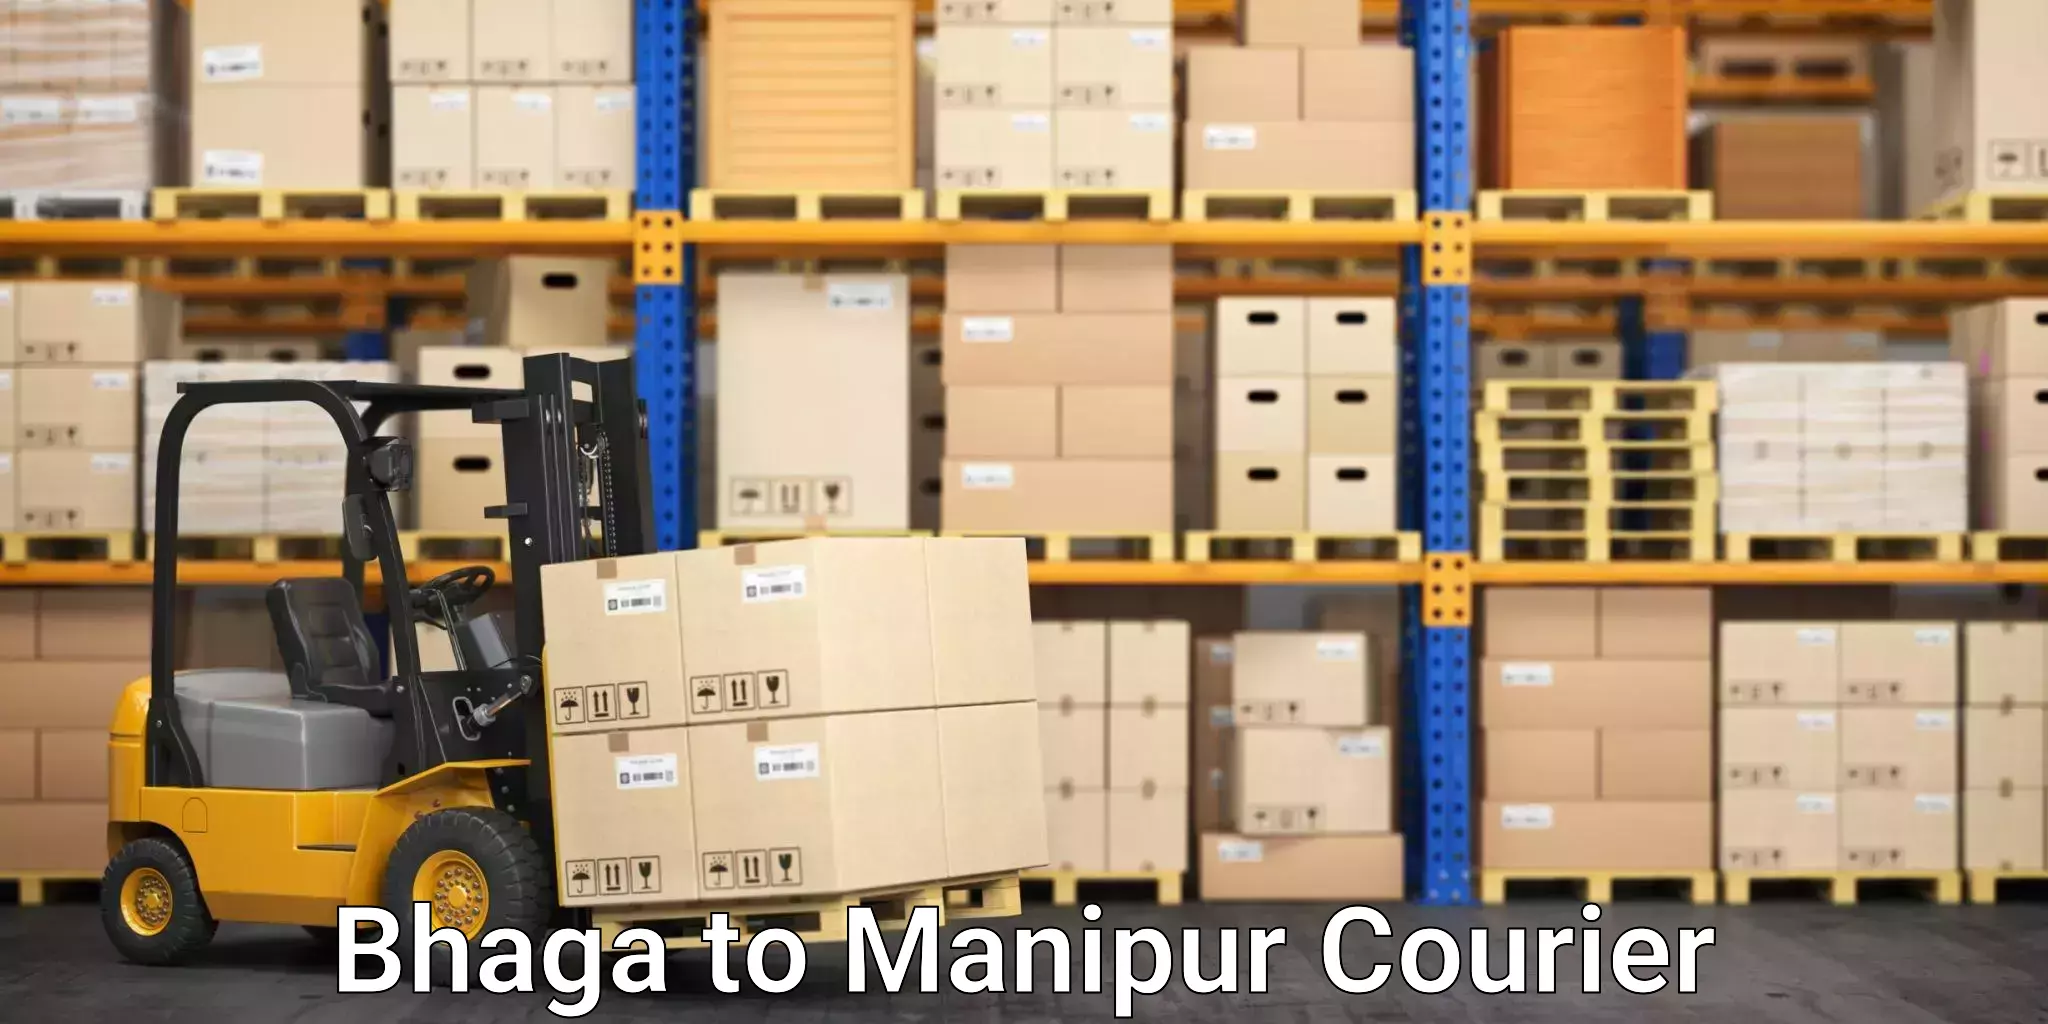 Flexible shipping options Bhaga to Imphal
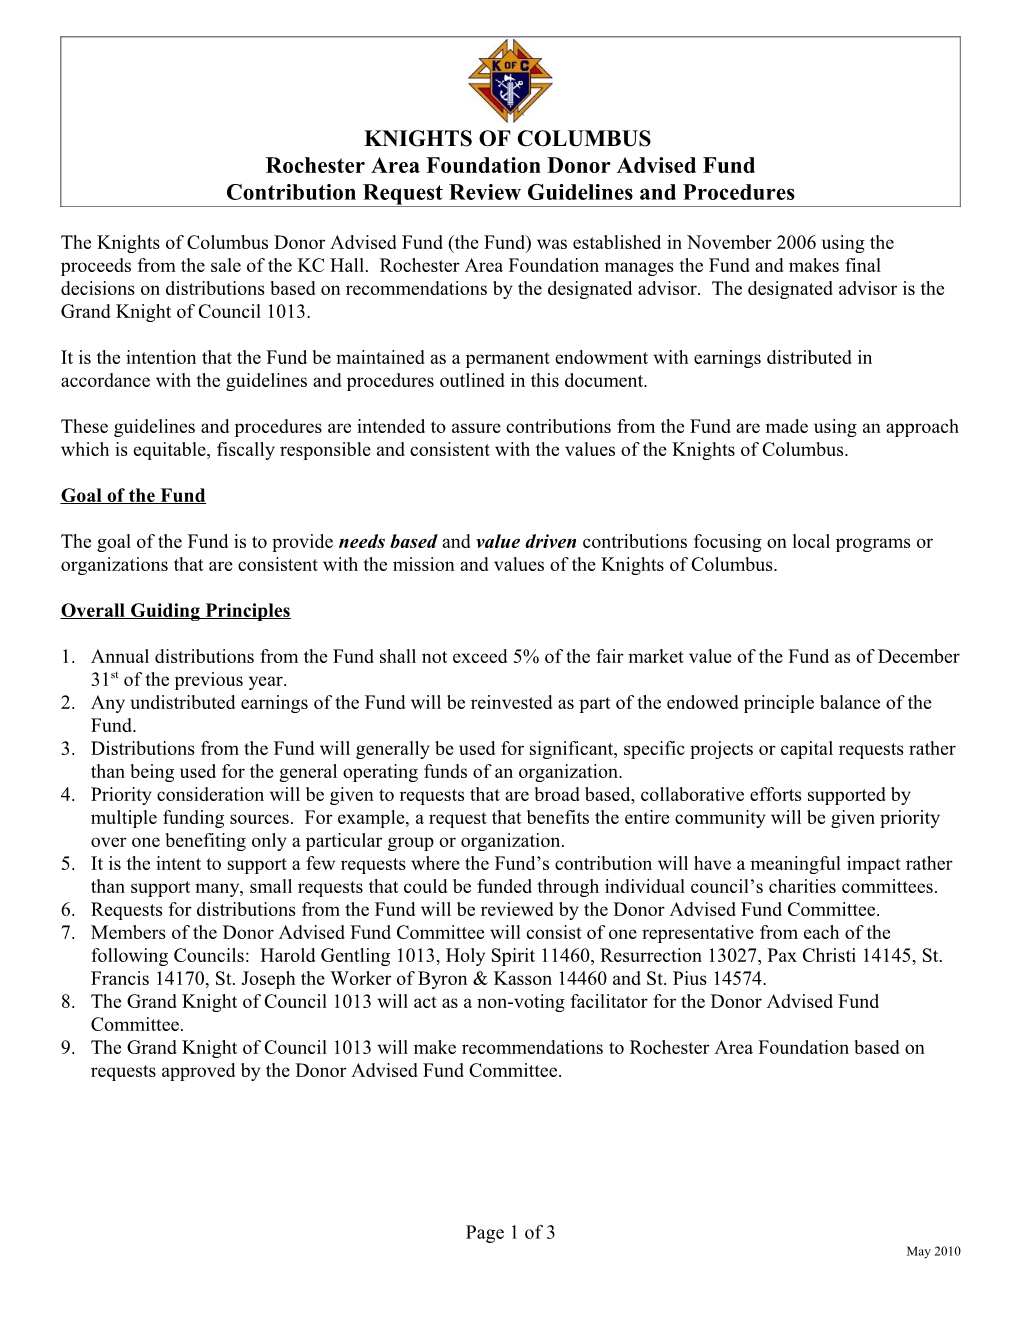 Policy (Guidelines) for Mayo S Participation in Capital Campaigns (Capital Campaign Grants
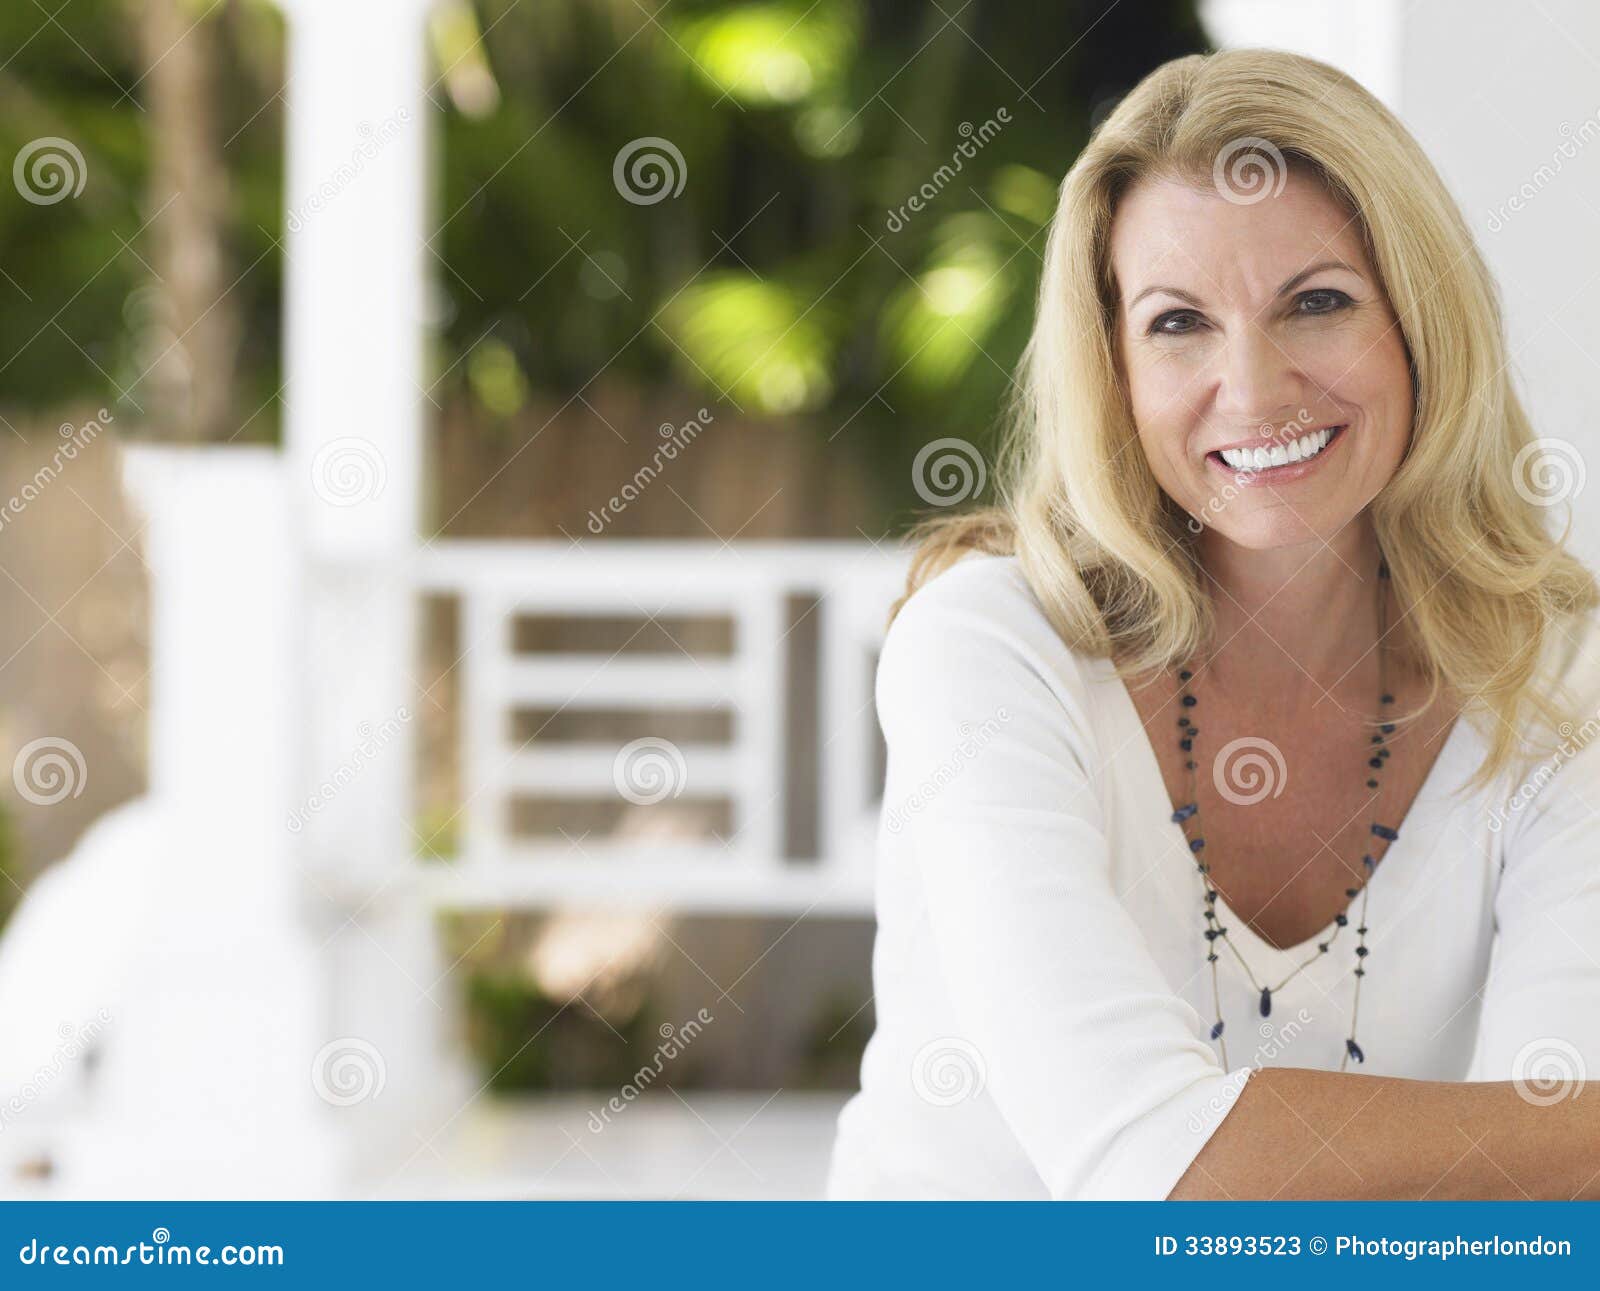 portrait of smiling middle aged woman

------------------------------

Your goal: Reproduce all of the data exactly; the pictures do not belong in the copy.

Your response:
 Flexible shipping options Bhaga to Imphal
 Policy (Guidelines) for Mayo S Participation in Capital Campaigns (Capital Campaign Grants
 portrait of smiling middle aged woman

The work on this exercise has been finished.